RAW DATA:
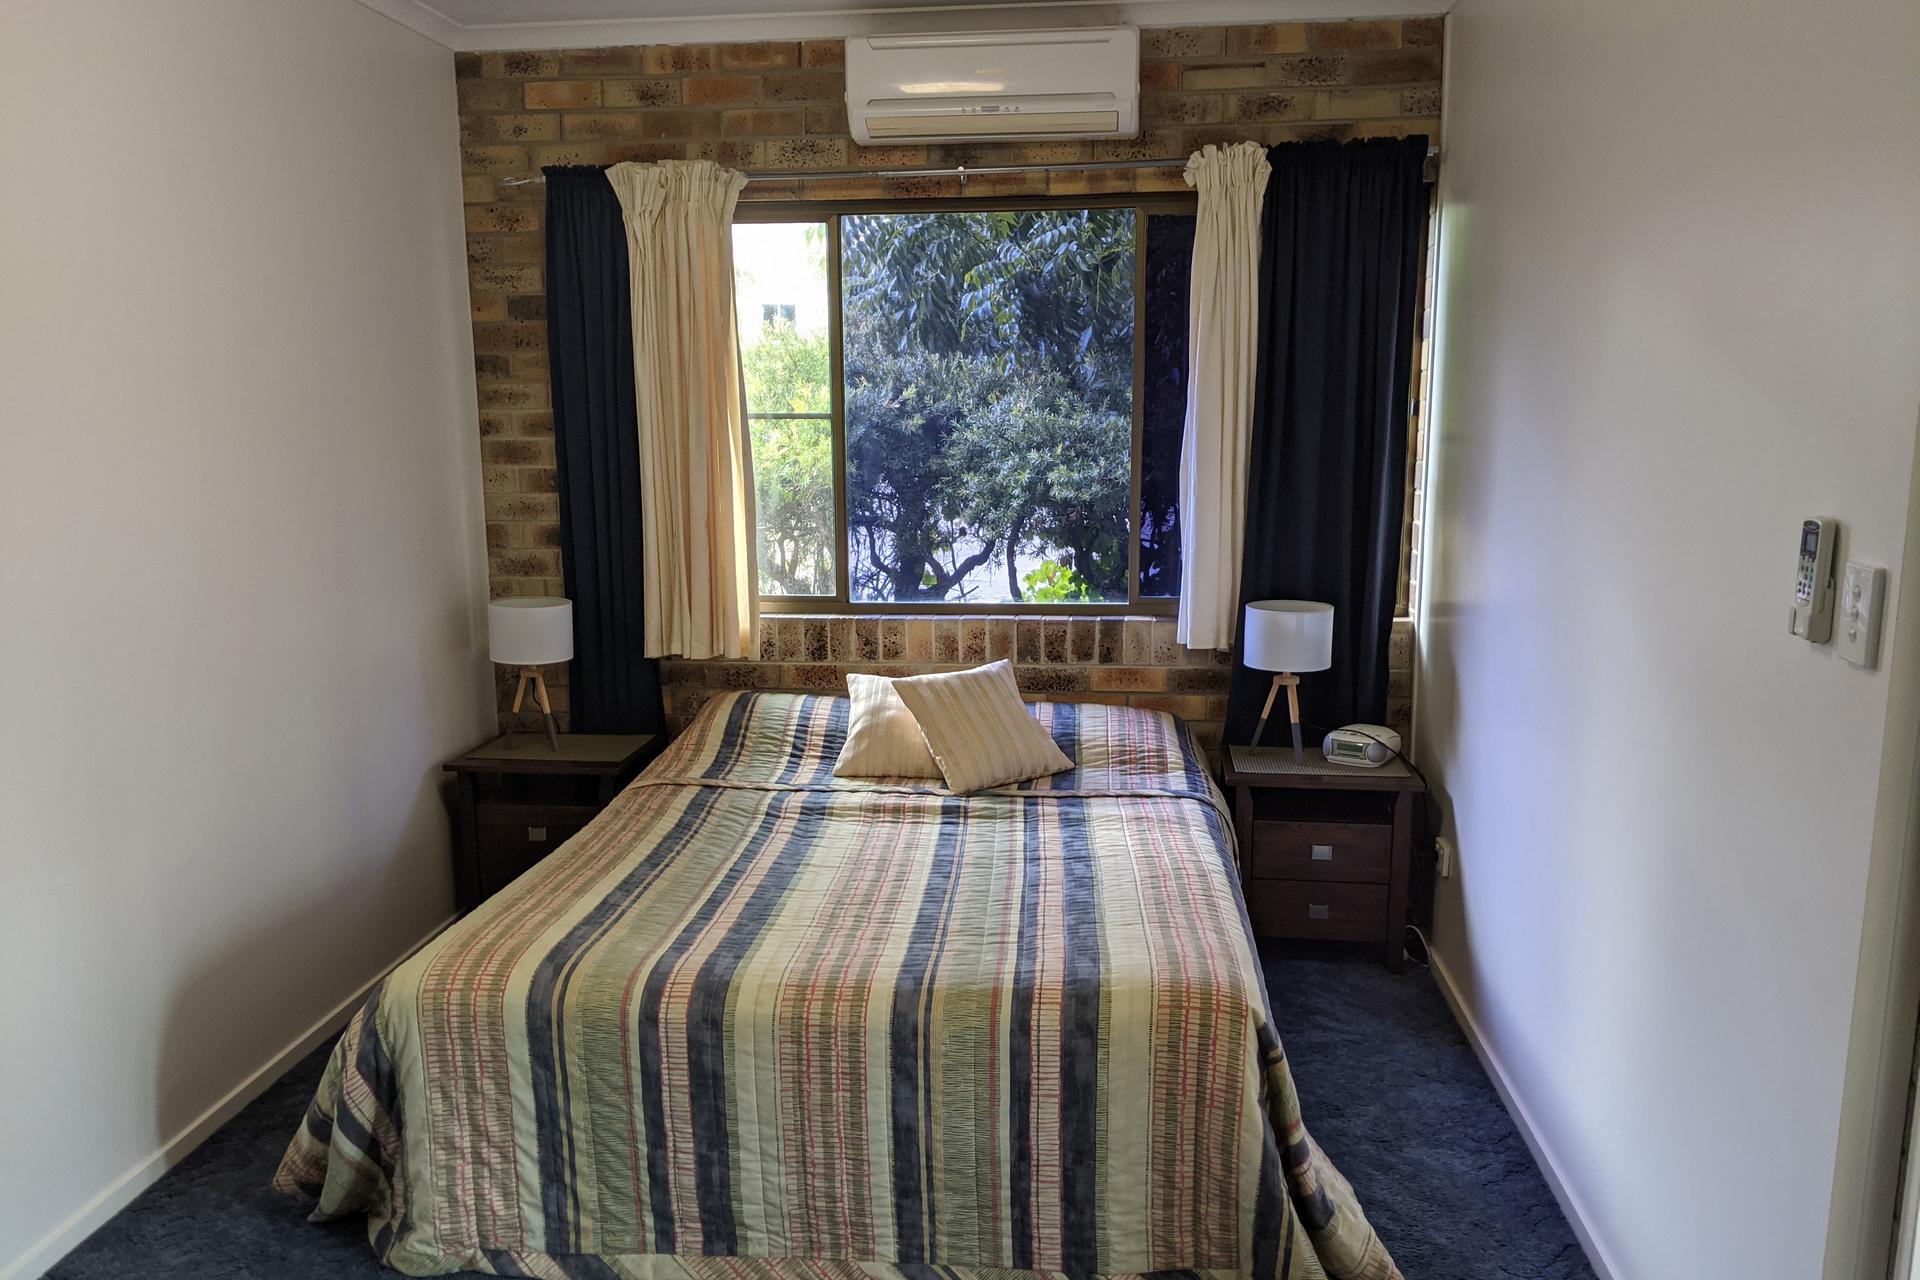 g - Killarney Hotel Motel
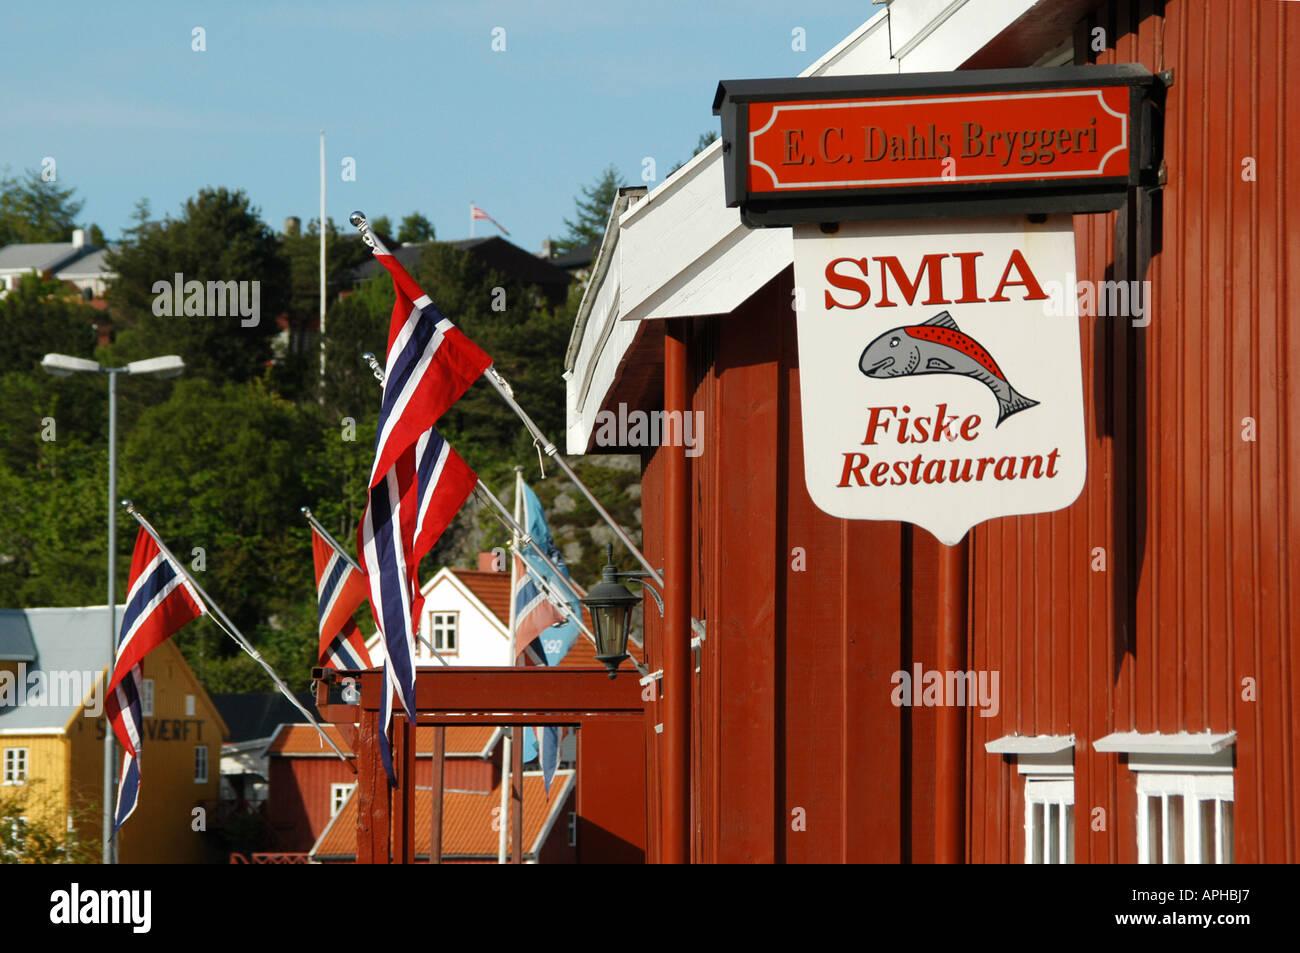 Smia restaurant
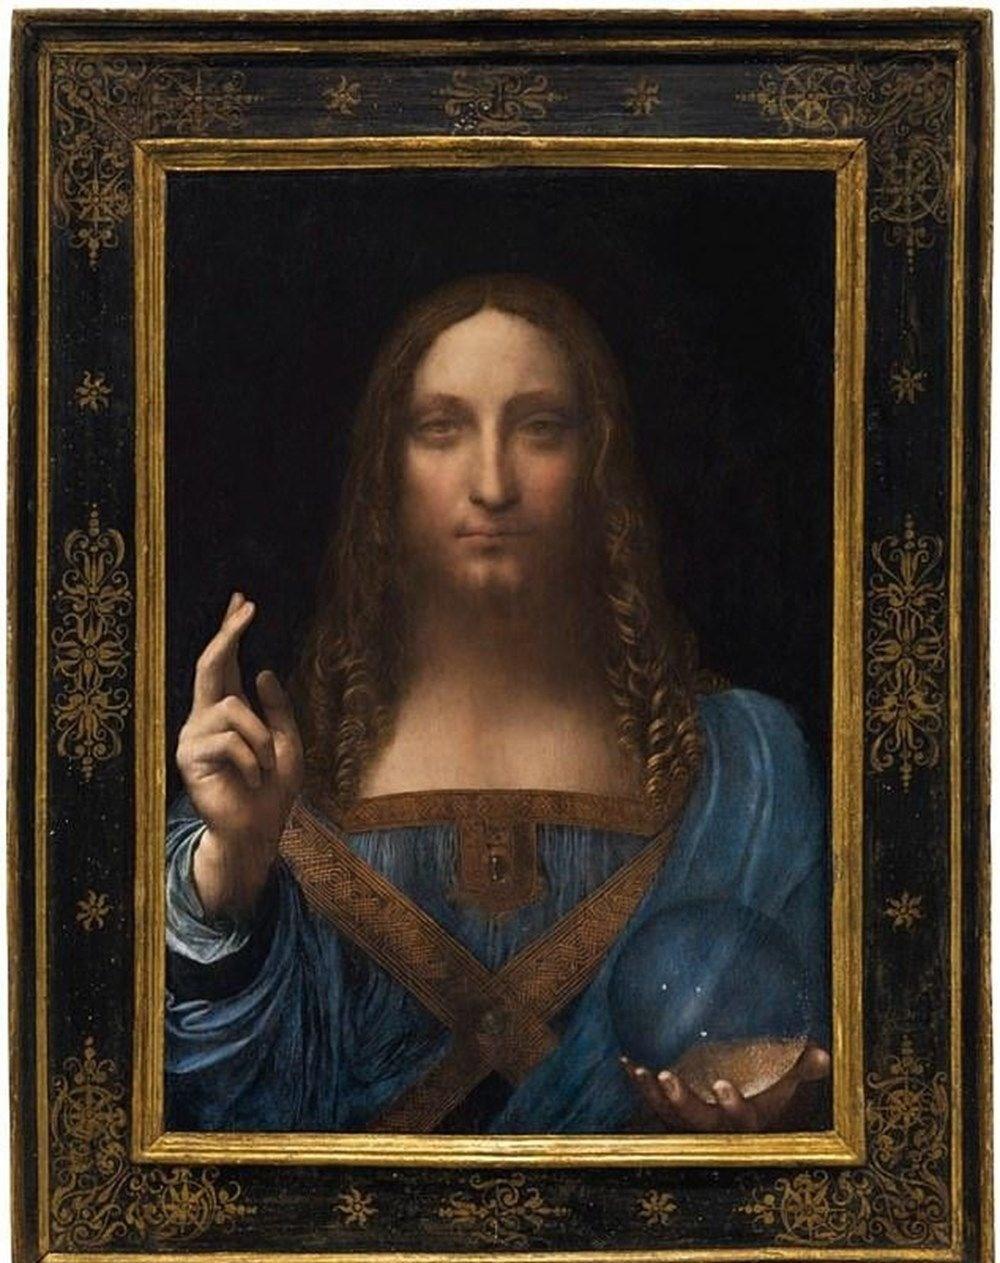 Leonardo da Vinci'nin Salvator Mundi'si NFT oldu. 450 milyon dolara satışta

TASK REQUIREMENTS: Repeat the material exactly as it reads, without any of its pictures.

TASK ANSWER:
 g - Killarney Hotel Motel
 Smia restaurant
 Leonardo da Vinci'nin Salvator Mundi'si NFT oldu. 450 milyon dolara satışta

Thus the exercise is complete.